Третьим «ходоком-просителем» оказался майор инженер-интендат. Работа на территории кэмпа, опрос полезных людей из тех, кого смогли наловить или соблазнить – лиц, ранее задействованных в иракской инфраструктуре, и кто изъявил желание сотрудничать в вопросах взятия под контроль гражданских объектов, от госпиталей до водокачек. Никакой специфики и секретности, что называется «бытовуха». Плюс майор клянется, что Муфлиха будет держать под своим прямым присмотром, как нянька дитя малое. Да и работа предстоит всего в сотне метров от подразделения ЭРДЭКа. Для верности майор подвел Ивана к пластиковому окошку и показал комплекс из нескольких палаток. Перед палатками стояла машина, а рядом два солдата ручным металлоискателем наподобие тех, что используются в аэропортах, шмонали какого-то араба, видать свежесагитированного местного спеца. Слишком уважительно для пленного, но слишком недоверчиво для своего. Вначале партизаны-смертники такими ситуациями пытались воспользоваться, но тут надо добрым словом помянуть войсковую секьюрити (систему внутренней безопасности ): хоть диверсии на улицах шли одна за другой, но почти никогда внутри кэмпов. Ваня вопросительно глянул на Ланке, вчера они обговорили первоочередные объекты совместного интереса. Например тюрьмы, где химразведка весьма здраво подозревала спрятанную химию, ведь входа туда ООНовским комиссиям никогда не давалось. Ваньку же тюрьмы интересовали с его «экспертно-скандальной» стороны. Ланке покрутил головой, похоже за ночь ситуация не изменилась, а это значит, что день пройдет в работе с картами, где Муфлих не нужен. Благодарный майор быстро увел неумытого переводчика, словно испугавшись, что Айван передумает. Пришлось выскочить и проорать вслед, что еще не завтракали, а то смущенный Муфлих запросто мог остаться голодным.
Ланке посоветовал умыться прямо в палатке – в лабораторном вытяжном шкафу. Там имелся краник с водой, а плеваться можно было пямо на пластиковую поверхнось с дырочками, под которой был сток. Ваня открыл толстенные раздвижные створки из висмут-барий-серебрянного хрусталя с вделанными в них тяжеленными освинцованными черными перчатками для защиты от радиации. Включил внутри шкафа свет и засунул голову между каких-то бутылей. Серебрянный хрусталь, подобный тому, из чего на гражданке делают висюльки-блестючки на зеркала машин под лобовое стекло, в люминисцентном свете заиграл всеми цветами радуги, словно алмазная драгоценность. Эксперт быстро умылся, потом из вежливости и уважения к лаборантам замыл за собой пятна зубной пасты, которые прилично похабили «лабораторно-бриллиантовый» вид девственно чистых хрустальных створок.

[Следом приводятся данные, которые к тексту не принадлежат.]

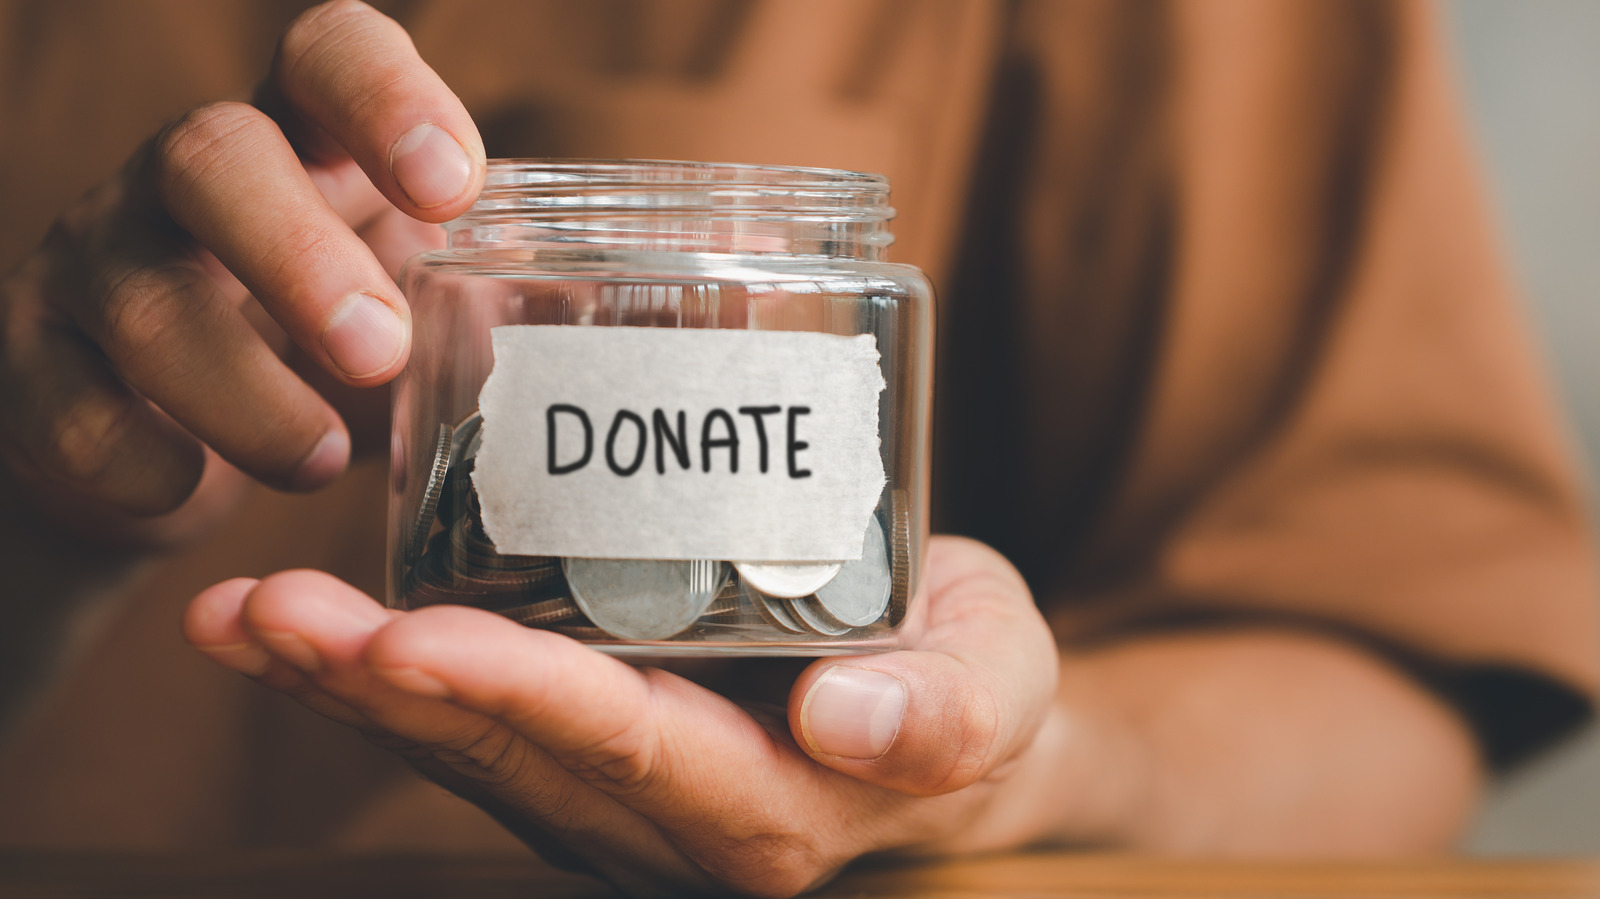 Tips For Ensuring Any Donations To Charity Are Actually Going To The Right Place

Дэниэл и Айван наскоро перекусили сухпаем – тащиться в столовку им не хотелось, да если честно сказать, то и времени не было. Ланке поехал формировать какие-то свои разведгруппы, а к Ваньке прикрепил своего солдата, вроде как няньку-сопровождающего. Они вместе сходили на склады, разобрались с закладкой груза. Потом Иван отобрал себе «набор неотложной экспертизы» на полтонны, вместе с солдатом сложили все это барахло на деревянный поддон и обтянули пленкой. Затем долго шатались по складам, выиискивая любого, кто мог бы закинуть его груз в расположение ЭРДЕКа. В конце-концов договорился с каким-то случайным водителем, парнишка подогнал грузовика, а Ваня залез на форк-лифт (вилочный погрузчик ), благо, что ключи из них обычно не вынимали. В минуту закинули «упаковочку» в кузов, а следом сами залезли туда же и поехали назад. У химлаборатории опять возникла проблема выгрузки. Уже решили сгружать частями, как опять помог случай – недалеко по дороге проходил «Геркулес», волоча что-то битое, квадрадное и грозмоздкое, типа броневика (М-113, на его базе существует много разнофункциональных машин ). Ванькин сопровождающий припустил к нему, размахивая руками и винтовкой. «Геркулес» остановился. Высунулся водитель, выслушал просьбу, недоуменно пожал плечами и не отцепляя своей «коробочки» подрулил к грузовику. Потом снял троса со своего рампового крана, а Ваня и шофер подсунули их под поддон. Секунда – и груз болтается перед «Геркулесом». Водила сдал на десяток метров от дороги и поставил поддон у входа в палатку. Все, ребята, дальше таскайте сами. Ванька потряс ему и шоферу руки – спасибо, парни, за помощь, извините за задержку. Еще момент, и тягач с грузовиком разошлись в разные стороны. Перед палаткой опять стало пусто, за исключением скучающего конвойного, которому на посту участвовать во всех этих суетных мераоприятиях запрещено.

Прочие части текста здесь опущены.